Anyway, instead of registering my own name, which I did, I registered
hitler@gmail.com. To this day, it's basically radioactive. It receives an
absurd amount of spam, even withe GMail's fantastic filtering, and why would I
want to receive mail at hitler@gmail.com? If only I could ask my 22 year old
self, because I sure as hell don't remember why that was so hilarious. Kid
stuff. My very liberal girlfriend at the time didn't think it was very funny.

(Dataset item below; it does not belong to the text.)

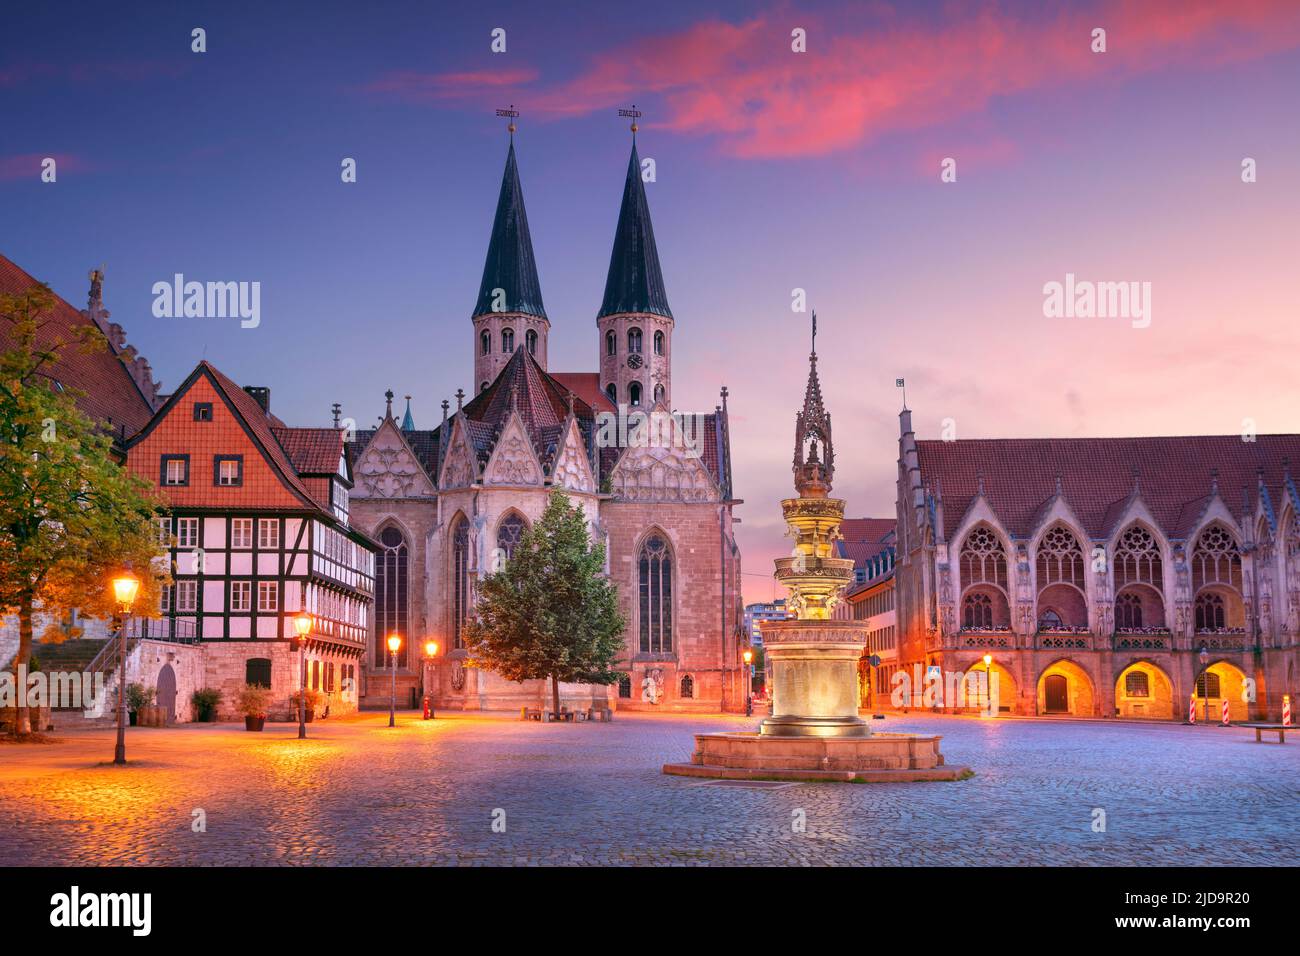 Brunswick, Alemania. Imagen del paisaje urbano del centro histórico de Brunswick, Alemania, con la Iglesia de San Martini y el Ayuntamiento antiguo al atardecer en verano. Foto de stock
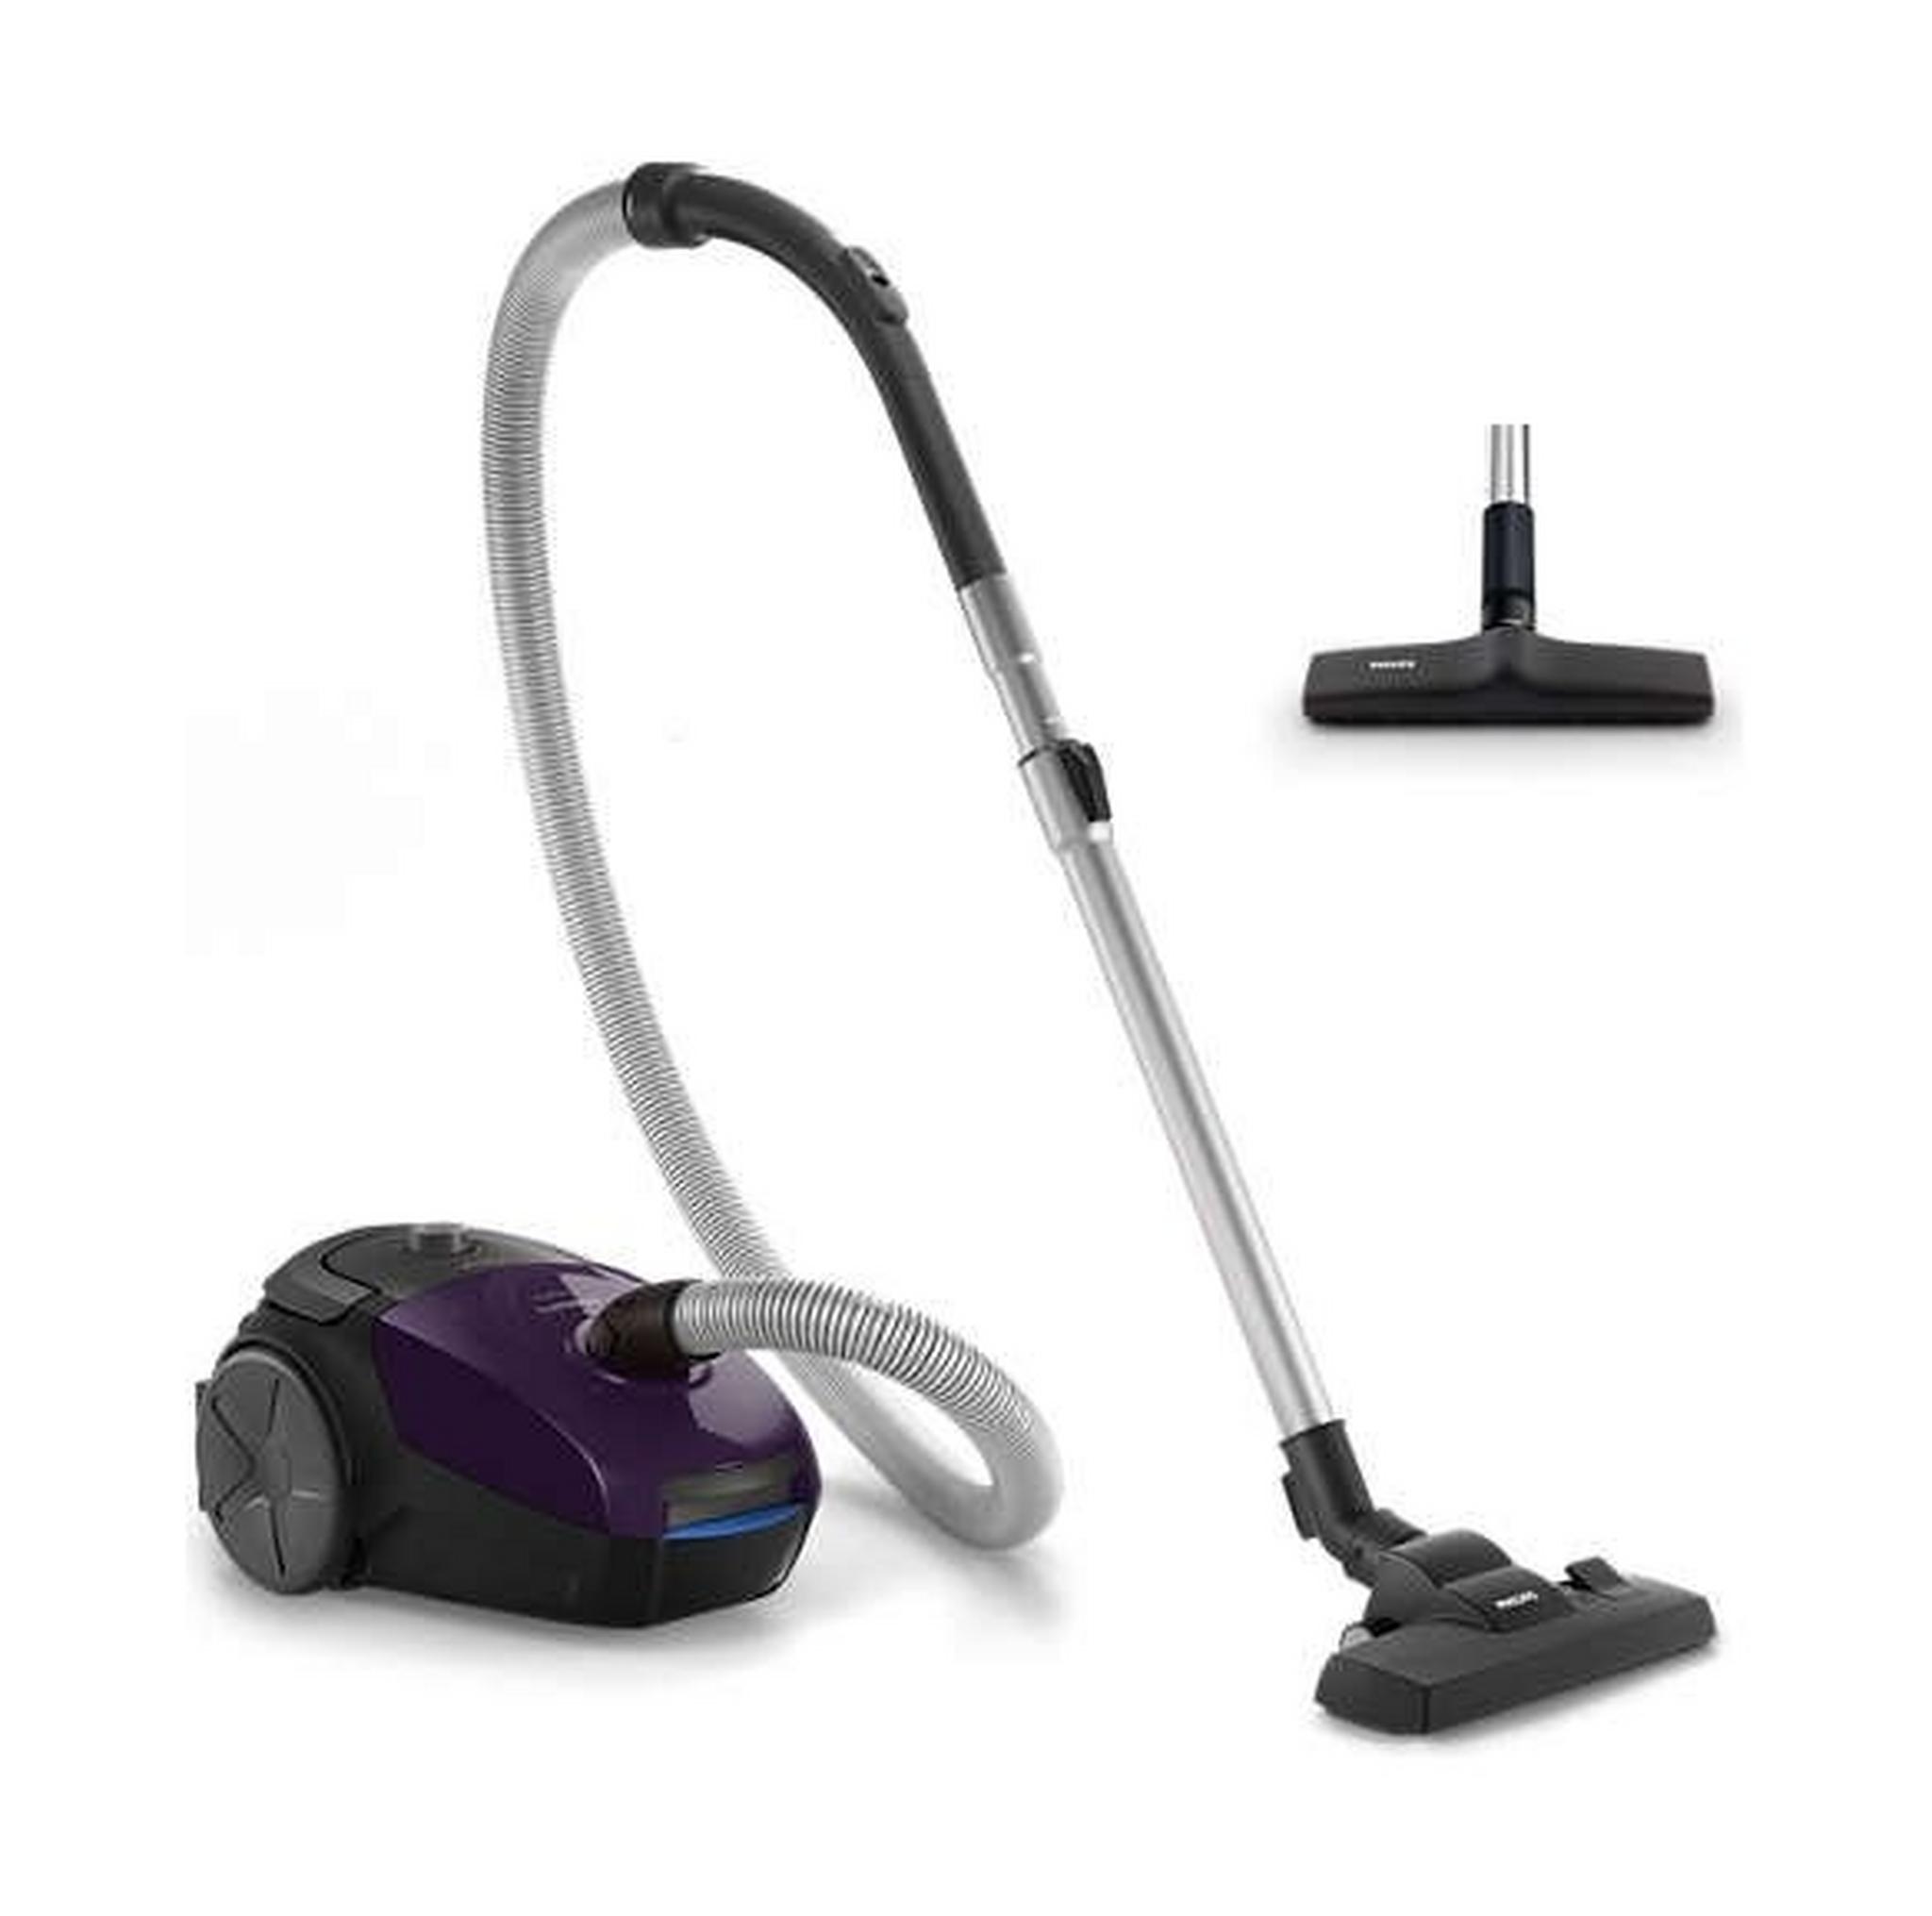 Philips PowerGo 2000W Bag Vacuum Cleaner (FC8295) - Violet

Every once in a while, I log into it, chuckle a little bit at some of the
things people have used the email address for (mostly forum signups and
Williams-Sonoma mailing list entries), and forget that I had registered the
address for another couple of years.

I think the thing is that it was an email service that was launched by an
already extant search provider, whereas before most email services had grown
organically, beating out the land rush for Hilarious Email Addresses. That
said, if anyone wants that email address, let me know. I'll take some fraction
of a bitcoin or something for it, you fucking anti-semite.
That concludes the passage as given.